MuzykaFilmowa.pl

Nick:michalina Dodano:2007-01-11 18:04:13 Wpis:To prawda,podczas koncertu był niemały problem,na czym się skupić:)Słysząc tą wspaniałą muzyke graną na żywo chciało się po prostu zamknąć oczy i słuchać...ale z drugiej strony film!Żal było ominąć widok Charli'ego i choć jedną z zabawnych scen z jego udziałem...Magia koncertu była niesamowita,a moment,gdy patrzyliśmy na ekran i aktorów,którzy kołysząc się w rytm muzyki otwierali usta i śpiewali głosami członków orkiestry obecnych z nami na jednej sali był wyjatkowo poruszajacy i cudownie połączył oba pokolenia,współczesnych Chaplinowi z nami.
Nick:Kuba Dodano:2007-01-10 23:52:40 Wpis:Koper - czy to wyzwanie? :P
Nick:Koper Dodano:2007-01-10 19:06:46 Wpis:A ja jestem ciekaw jak ten soundtrack ma się w porównaniu do innego soundtrackowego 'best of Beethoven' ;), czyli "Immortal Beloved". :) Może Kuba pokusiłbyś się też o recenzję tej drugiej płytki? :D
Nick:Aif Dodano:2007-01-10 17:00:53 Wpis:Eeee widziałem ładniejsze twarzyczki :P
Nick:Olek Dębicz Dodano:2007-01-10 15:14:09 Wpis:Chciałbym jeszcze tylko wyrazić swój zachwyt nad genialną sceną wykonania IX Symfoni. To jeden z najlepszych muzycznych fragmentów w filmie ze wszystkich, jakie dotąd widziałem. Ciarki przeszły mi po plecach.

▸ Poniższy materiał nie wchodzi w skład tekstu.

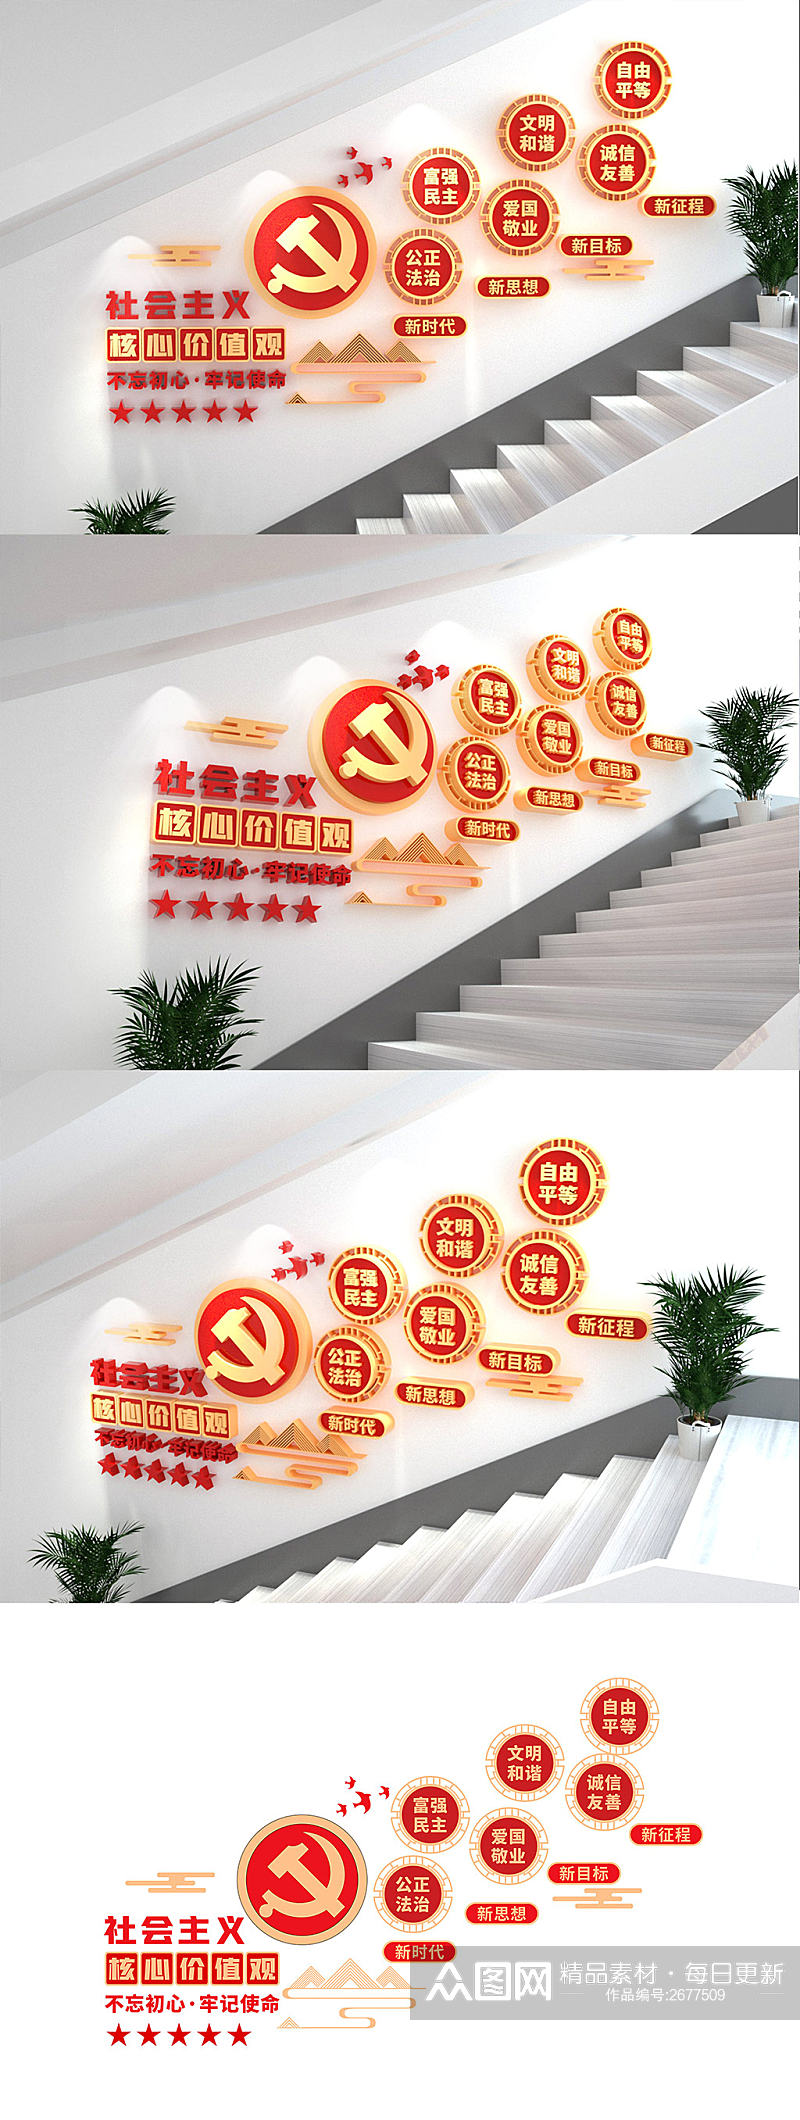 社会主义核心价值观活动室楼梯党建文化墙素材

Miłośnikom twórczości Beethovena oraz tym, którzy dopiero rozpoczynają z nim znajomość gorąco polecam nowe, fenomenalne nagranie jego wszystkich dziewięciu symfonii, zrealizowane przez Wiedeńskich Filharmoników pod dyrekcją Sir Simona Rattle'a (EMI). Wartość płyt potęguje fakt, że są to nagrania live. Rattle jak zawsze wyciąga z orkiestry najbardziej wysublimowane smaczki, czyniąc dzieła niemieckiego mistrza jeszcze bardziej atrakcyjnymi. Zwracam uwagę zwłaszcza na 5. Symfonię c-moll.